Opinions, concerns, and/or advice?

Amazon Tree Boa: Basically from reading I gather they are more hardy and cheaper. But sadly I'm not crazy about color. I did kinda liked the Halloween phase till I read they grow out of it and grow into a normal color. :wall:

Emerald Tree Boa: Just plain pretty going from yellow to green. Finding a neonate or juvie hasn't proved easy though. I found one fairly close to the size I want at 18" and looks like it stuck it's nose in yellow paint. LOL. I can't find neonates are at least smaller though. 

Green Tree Python: I am absolutely nuts about the yellow and red neonates even though they grow out of it, but read they are more delicate.


----------



## Cowin8579 (Mar 24, 2010)

A Emerald tree boa or Green Tree python are tough to raise.  If they are WC adults with internal issues, it will take an act of god for you to keep them alive over time.  

I know a breeder of green tree pythons, and I've seen him attempt to get the whole lot of them to feed on pinkies and they all refused.  Lizards might be taken more easily.. 

But anyway, many of the keepers sell for decent$, and often you can get a cheaper price on them if the snake isn't guaranteed to eat.  Know what I mean?  If the snake never eats and ends up dying, you are out the cost of the animals.  

I would go Amazon, and hopefully not wc.  there should be enough colors that you can find close to what you are looking for?  You could also look at vine snakes?  But they can be tricky as well.  

If I had more time and space, I might consider a brown tree snake.. which is mildly venomous.


----------



## whitewolf (Mar 24, 2010)

Pretty much anything I get would have to be captive bred. Looking at breeders sites to hopefully avoid wild caught. Taking my time going with quality over the price. I do worry about ending up with a stubborn eater though.

Any venomous is out for now. Between city ordinance and my kids are too involved with everything I do. Granted I am grateful my daughter isn't scared and enjoys being down in the herp room but getting her out is more a pain than keeping her in and teaching what is is allowed and not allowed to get close too.


----------



## reverendsterlin (Mar 24, 2010)

ATB is a much hardier animal


----------



## Gekkotan (Mar 24, 2010)

Why dont you get a red/orange or yellow ATB?


----------



## whitewolf (Mar 24, 2010)

Gekkotan said:


> Why dont you get a red/orange or yellow ATB?
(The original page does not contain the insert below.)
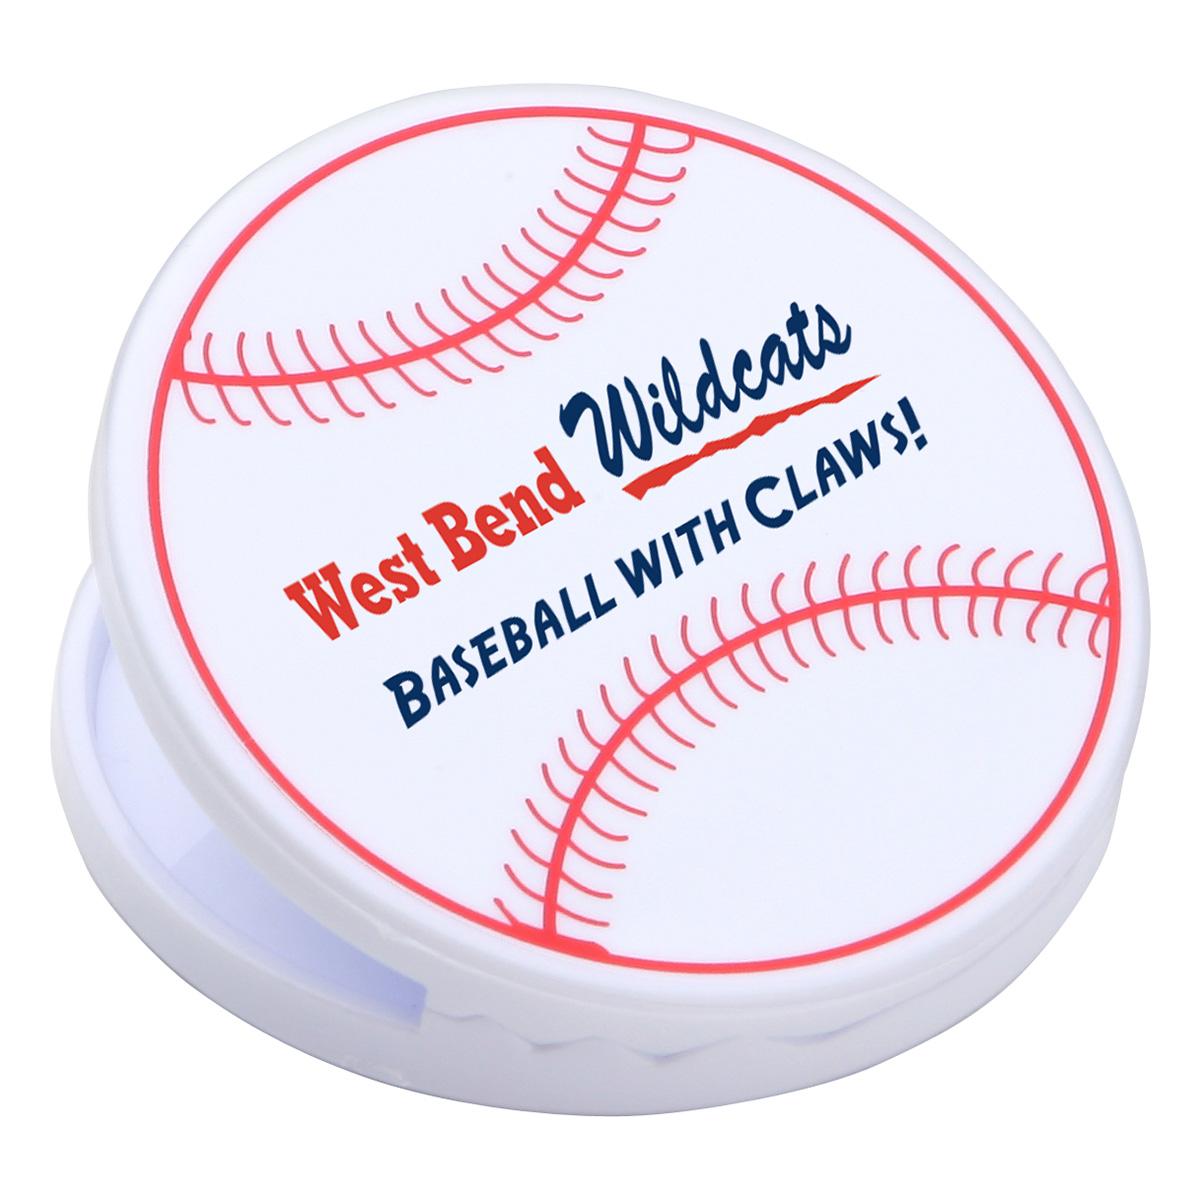 Baseball Power Clip, WMG-BA12 - 1 Colour Imprint

Now see that is pretty. Everything I keep finding is labeled "garden" or "Halloween". I would rather get the ATB for hardiness but finding a real looker in the size I want is the big hick up. Google gives me more care sheets than anything. I mean granted I know colors fade and change but I do wanna look in the tank and go wow. Then when I do see one I like it says SOLD. :wall:


----------



## jayefbe (Mar 24, 2010)

This breeder has the most amazing ATBs around.  Truly outstanding.  Also very expensive and hard to get.  I'm sure if you asked, you might be able to get on a waiting list for this years offspring.

http://www.ghireptiles.com/

When it comes to GTPs, they have a bad reputation for being difficult to care for.  Enough progress has been made that keeping a CB GTP can be easily done by any snake keeper willing to put in the effort.  Purchase the complete chondro by Greg Maxwell, read it through and you'll be ready for your own neonate GTP.  Just make sure you buy a CB snake that is already an established feeder.  Also, buy directly from a breeder.  The vast majority of neo GTPs are CH imports.  They are much cheaper but also aren't guaranteed to be feeding.  Breeding GTPs is still a difficult endeavor with a high failure percentage, but just keeping one as a pet is no longer difficult.


----------



## whitewolf (Mar 24, 2010)

jayefbe said:


> Purchase the complete chondro by Greg Maxwell, read it through and you'll be ready for your own neonate GTP.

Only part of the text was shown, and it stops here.